Christopher  Cahill (born 25 December 1984) is a retired footballer. Born in Australia, he represented Samoa at International level.

Club career
Cahill was born on Christmas Day 1984 in Sydney, Australia to a father of Irish descent and a Samoan mother. Cahill played four games for Dulwich Hill FC in 2004. He then moved to St. George Saints, where he played from 2006 to 2012.

International career 
He played for Samoa national football team and was briefly national team captain.
He played in the 2010 FIFA World Cup Qualifiers, scoring twice against American Samoa.
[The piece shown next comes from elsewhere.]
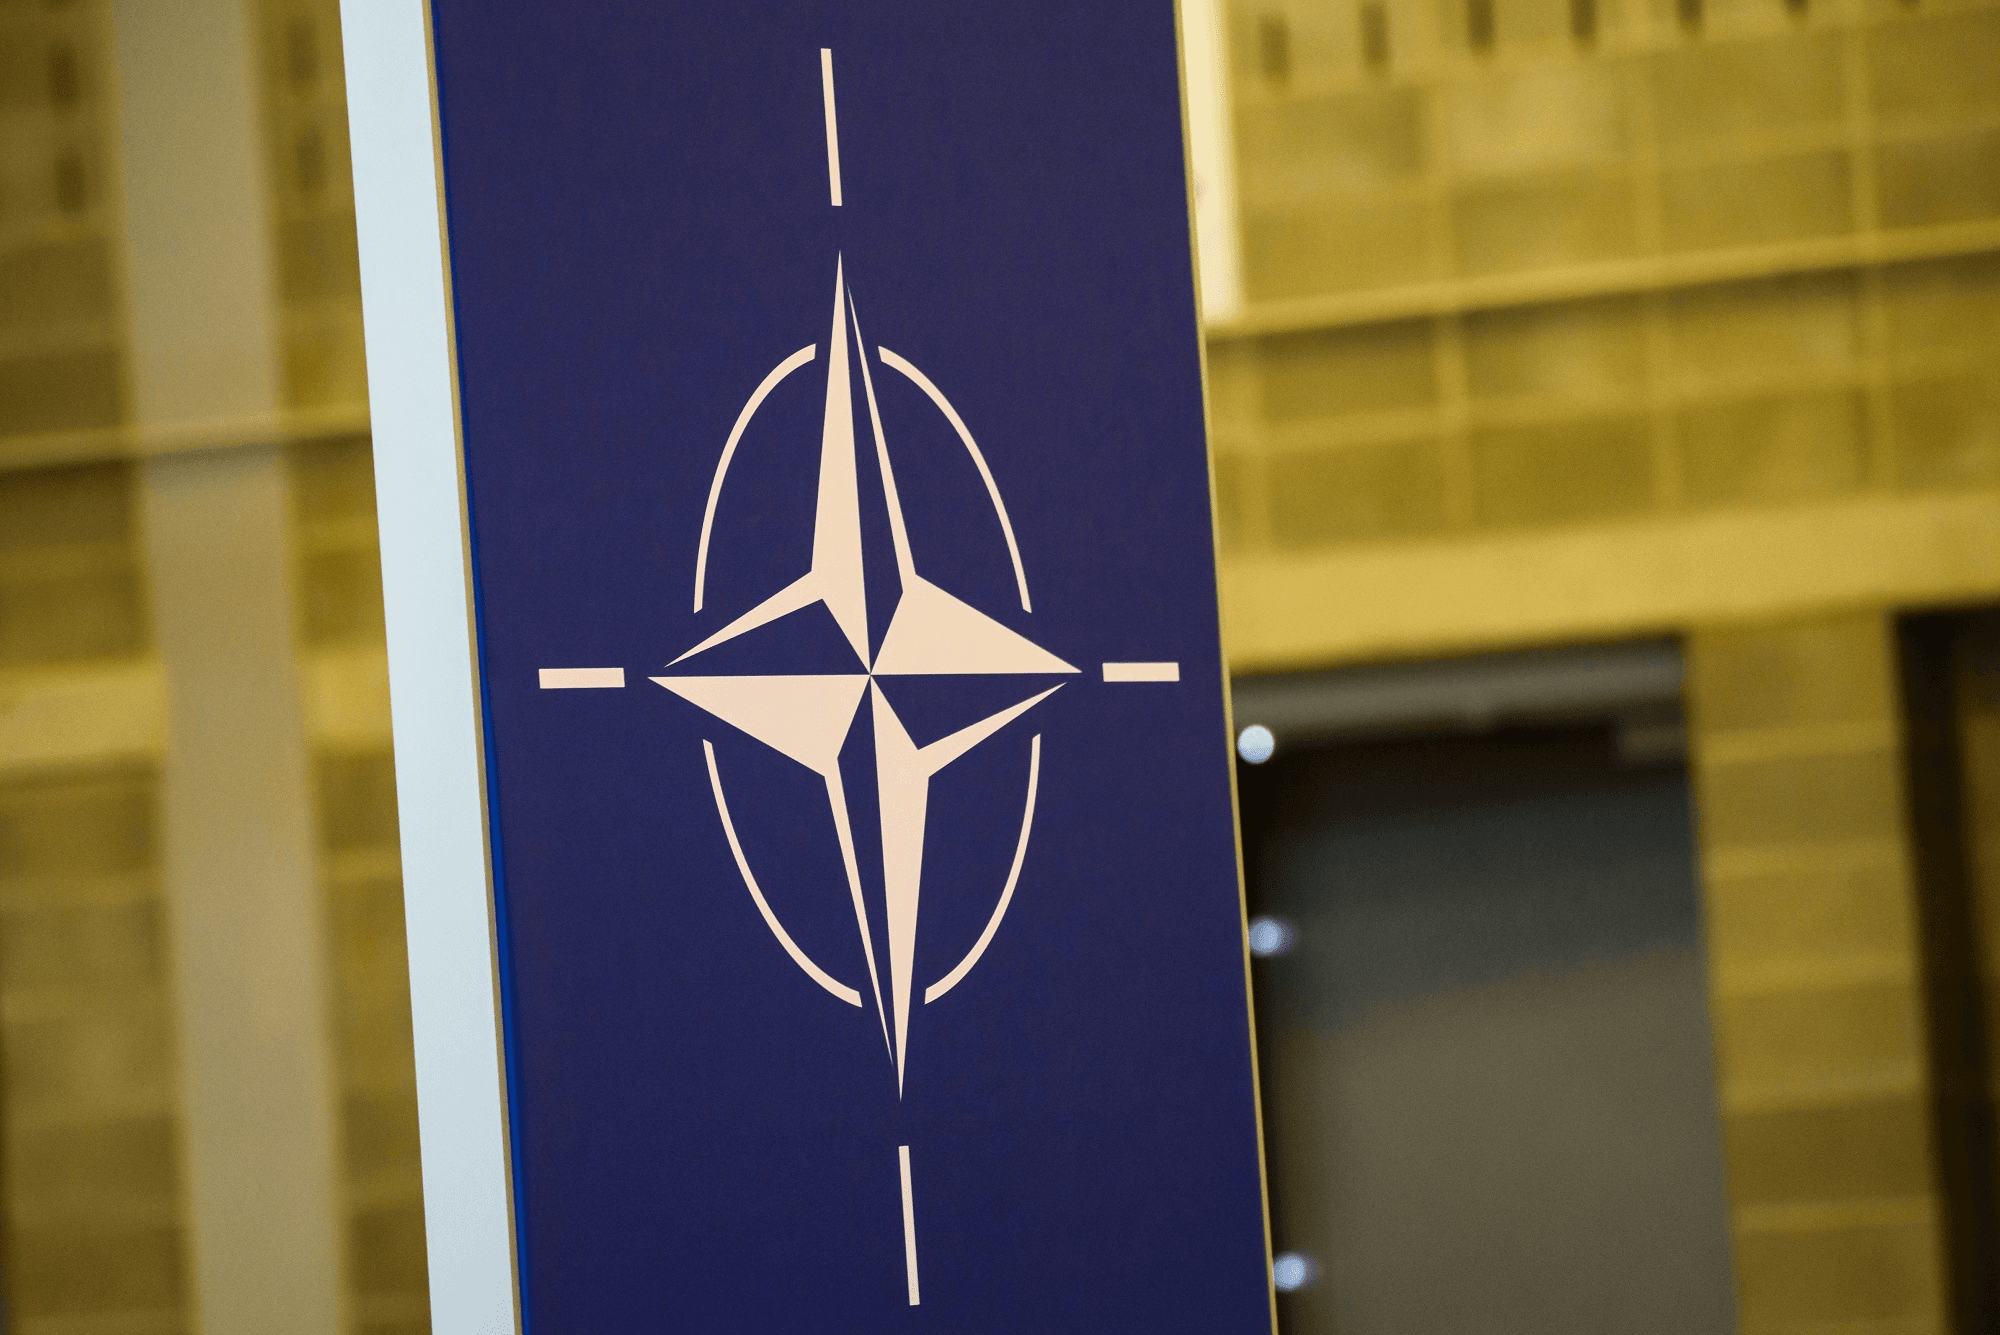 Image NATO in Madrid: the 5 Major Elements

He did not appear at the 2012 OFC Nations Cup, which was Samoa's first appearance at a major tournament.

Personal life 
He is the brother of Australian international Tim Cahill, and cousin of Ben Roberts (New Zealand Kiwis), Joe Stanley (New Zealand All Blacks), and Jeremy Stanley (New Zealand All Blacks).

References

External links

1984 births
Living people
People with acquired Samoan citizenship
Samoan footballers
Association football midfielders
Samoa international footballers
Samoan people of Irish descent
Soccer players from Sydney
Australian soccer players
Australian people of Irish descent
Australian sportspeople of Samoan descent
Stanley family (rugby)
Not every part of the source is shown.